Thank to everyone's comments, I finally found the bottleneck and its solution:
TLDR:
It seems that the compiler takes a long time to type check an impl Trait
used in a loop. So I had to box those instances into Box<dyn Trait>
and the release builds finish in 30 seconds. The advantage of this solution is that code changes involved are minimal and you also don't suffer from a tremendous allocation overhead compared to boxing everything.
Full explanation
Setup
Here's a simplified example that illustrates this issue. Let's say I want to define a Parser
trait as follows:
pub trait Parser<'a> {
type Output;
type State: Clone;
/// Parse a given input, starting at
/// a given location and state.
fn parse(
&mut self,
input: &'a str,
location: Location,
state: Self::State,
) -> ParseResult<'a, Self::Output, Self::State>;
Then, I want closures to implement this Parser
trait so I can treat them as parsers. Note that we can't directly implement Parser
for FnMut
here because the type parameter A
and S
would be unbounded since associated types Output
and State
in the Parser
trait are unfortunately not visible from the type parameter list. Hence, we create a simple wrapper called FnParser
that wraps a closure into a Parser
.
#[derive(Copy, Clone)]
pub struct FnParser<F, A, S>(F, PhantomData<A>, PhantomData<S>);
pub fn fn_parser<'a, A, S: Clone, F>(f: F) -> FnParser<F, A, S>
where
F: FnMut(&'a str, Location, S) -> ParseResult<'a, A, S>,
{
FnParser(f, PhantomData, PhantomData)
}
impl<'a, A, S: Clone, F> Parser<'a> for FnParser<F, A, S>
where
F: FnMut(&'a str, Location, S) -> ParseResult<'a, A, S>,
{
type Output = A;
type State = S;
fn parse(&mut self, input: &'a str, location: Location, state: S) -> ParseResult<'a, A, S> {
(self.0)(input, location, state)
}
}
Problem
Now, let's write a repeat
parser combinator that repeats a given parser n times. Notice how the input parser
is used in a while
loop and the whole body is wrapped inside an fn_parser
closure. This somehow causes a headache for rustc and takes a super long time to compile.

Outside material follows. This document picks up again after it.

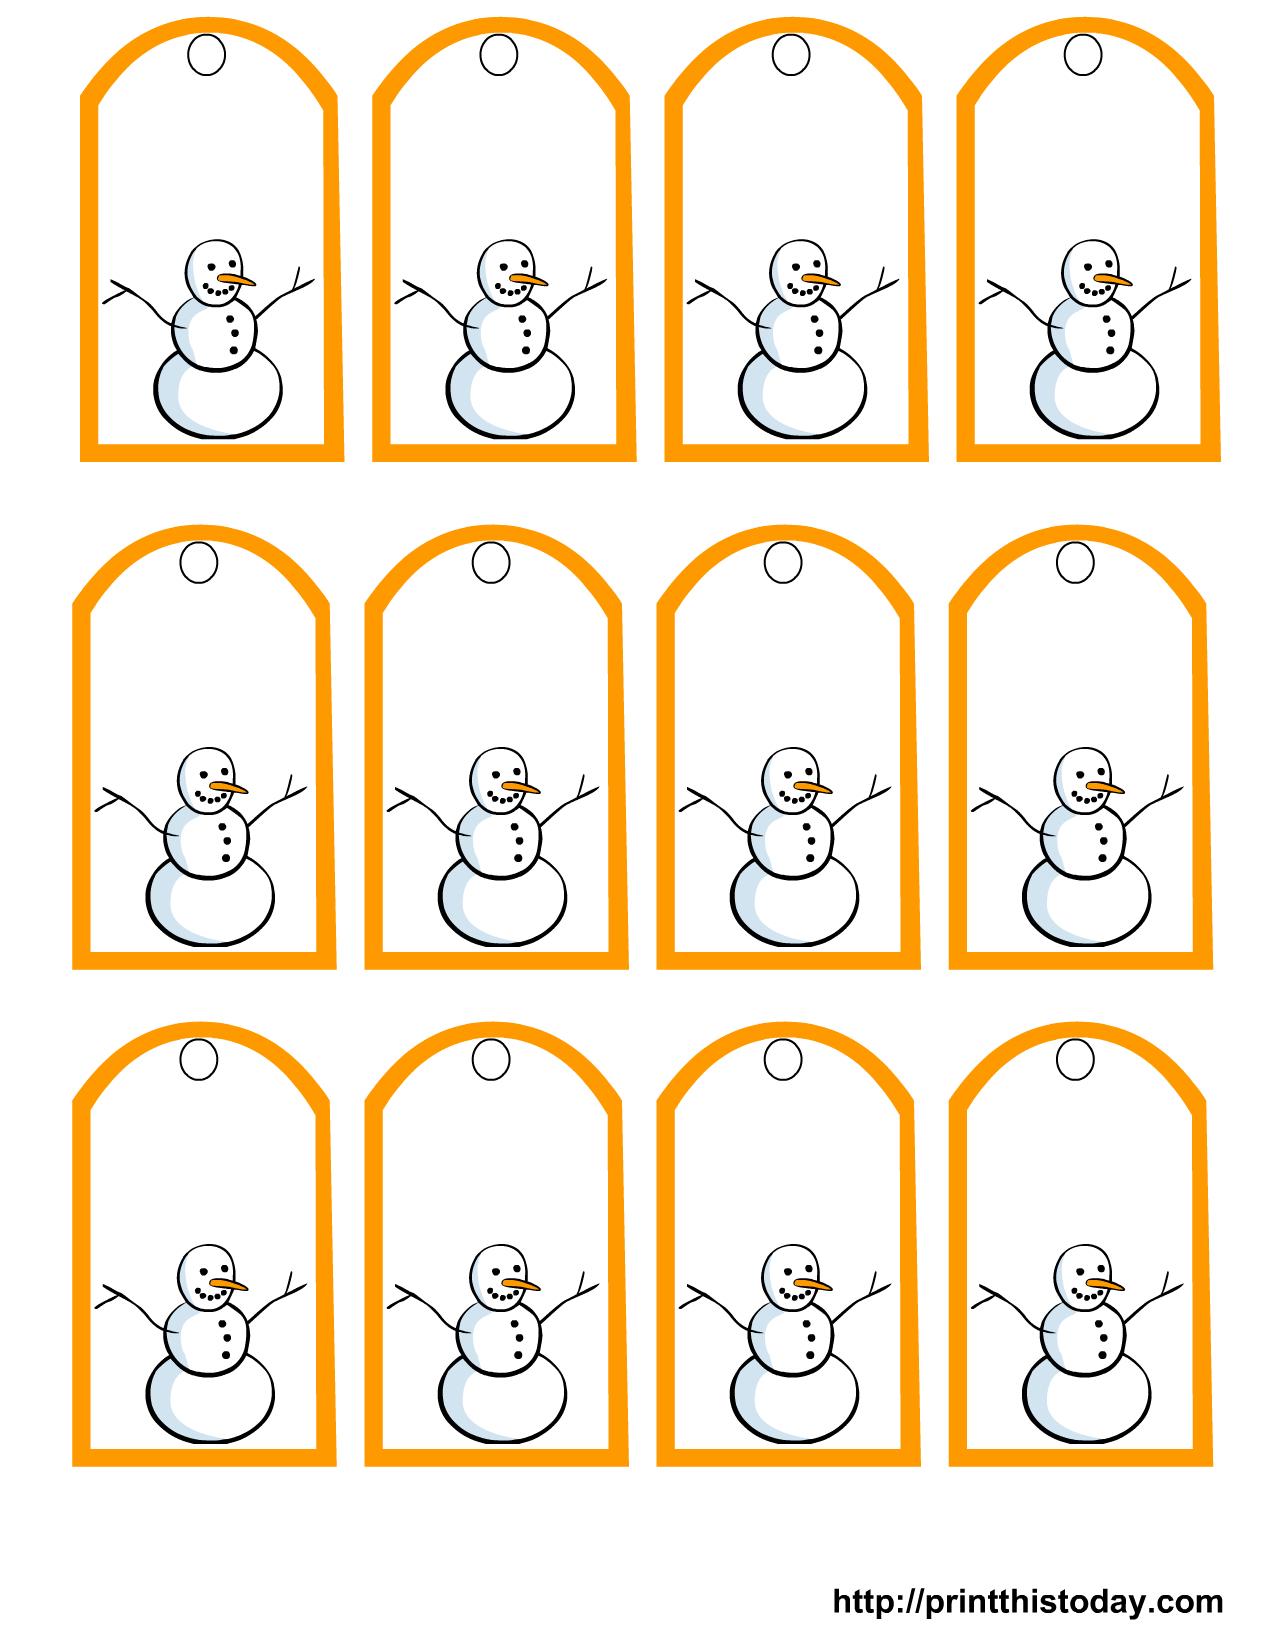 Free Printable Snowman Christmas Gift Tags - Free Printable Holiday Gift Labels
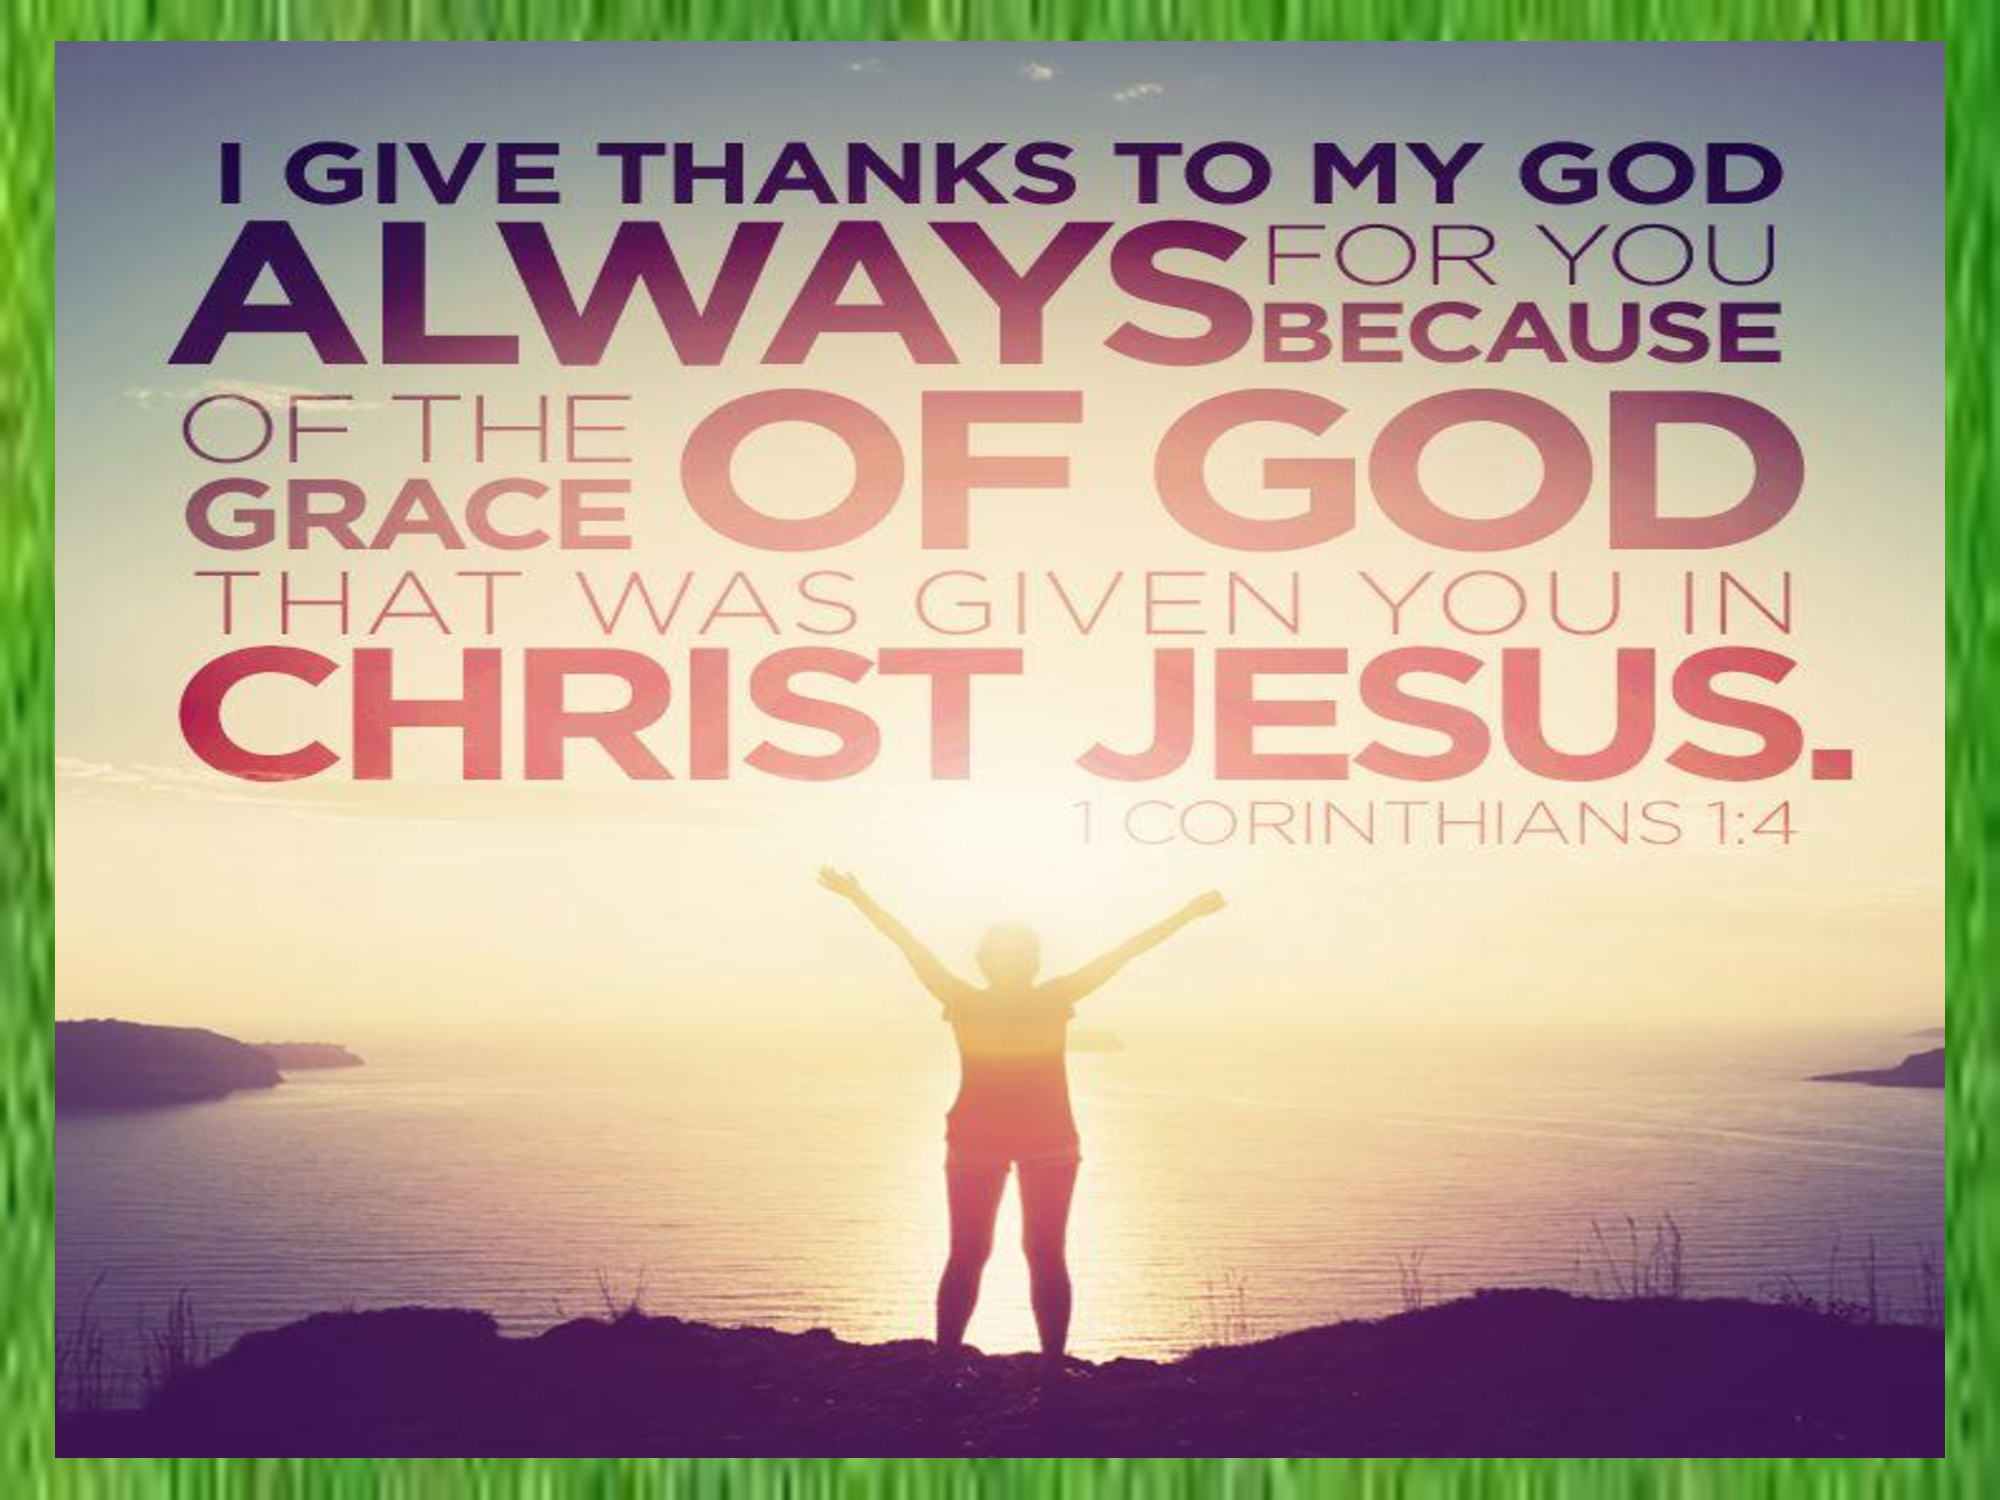 Living under the grace of god

/// Repeat a parser n times
pub fn repeat<'a, A: Clone + 'a, P: 'a, S: Clone + 'a>(
times: usize,
mut parser: P,
) -> impl Parser<'a, Output = Vec<A>, State = S>
where
P: Parser<'a, Output = A, State = S>,
{
fn_parser(move |mut input, mut location, mut state: S| {
let mut output = Vec::new();
let mut committed = false;
if times == 0 {
return ParseResult::Ok { ... };
}
let mut counter = 0;
while let ParseResult::Ok { ... } = parser.parse(input, location, state.clone())
{
if counter >= times {
break;
}
...
}
ParseResult::Ok { ... }
})
}
Solution
A solution is to replace the fn_parser
with a Box::new
so that the compiler can treat the body as a pointer to a closure on the heap instead of a struct containing a closure on the stack. This somehow eases the compilation process.
We first define a BoxedParser
type alias to avoid typing the full signature all the time. Note how similar the type of BoxedParser
is to FnParser
. The only change is that FnMut
is now wrapped in a Box
:
pub type BoxedParser<'a, A, S> = Box<dyn FnMut(&'a str, Location, S) -> ParseResult<'a, A, S> + 'a>;
impl<'a, A, S: Clone + 'a> Parser<'a> for BoxedParser<'a, A, S> {
type Output = A;
type State = S;
fn parse(&mut self, input: &'a str, location: Location, state: S) -> ParseResult<'a, A, S> {
(*self)(input, location, state)
}
}
Now, we can update the repeat
combinator to return a BoxedParser
instead of an FnParser
:
/// Repeat a parser n times
pub fn repeat<'a, A: Clone + 'a, P: 'a, S: Clone + 'a>(
times: usize,
mut parser: P,
) -> BoxedParser<'a, Vec<A>, S> // Replaced impl Parser with BoxedParser
where
P: Parser<'a, Output = A, State = S>,
{
// Replaced fn_parser with Box::new
Box::new(move |mut input, mut location, mut state: S| {
let mut output = Vec::new();
let mut committed = false;
...
Do this for all the functions that contain calls to impl Parser
in a loop and you'll be golden.
P.S. It'll be great if someone can explain more about the intuitions behind the slowdown.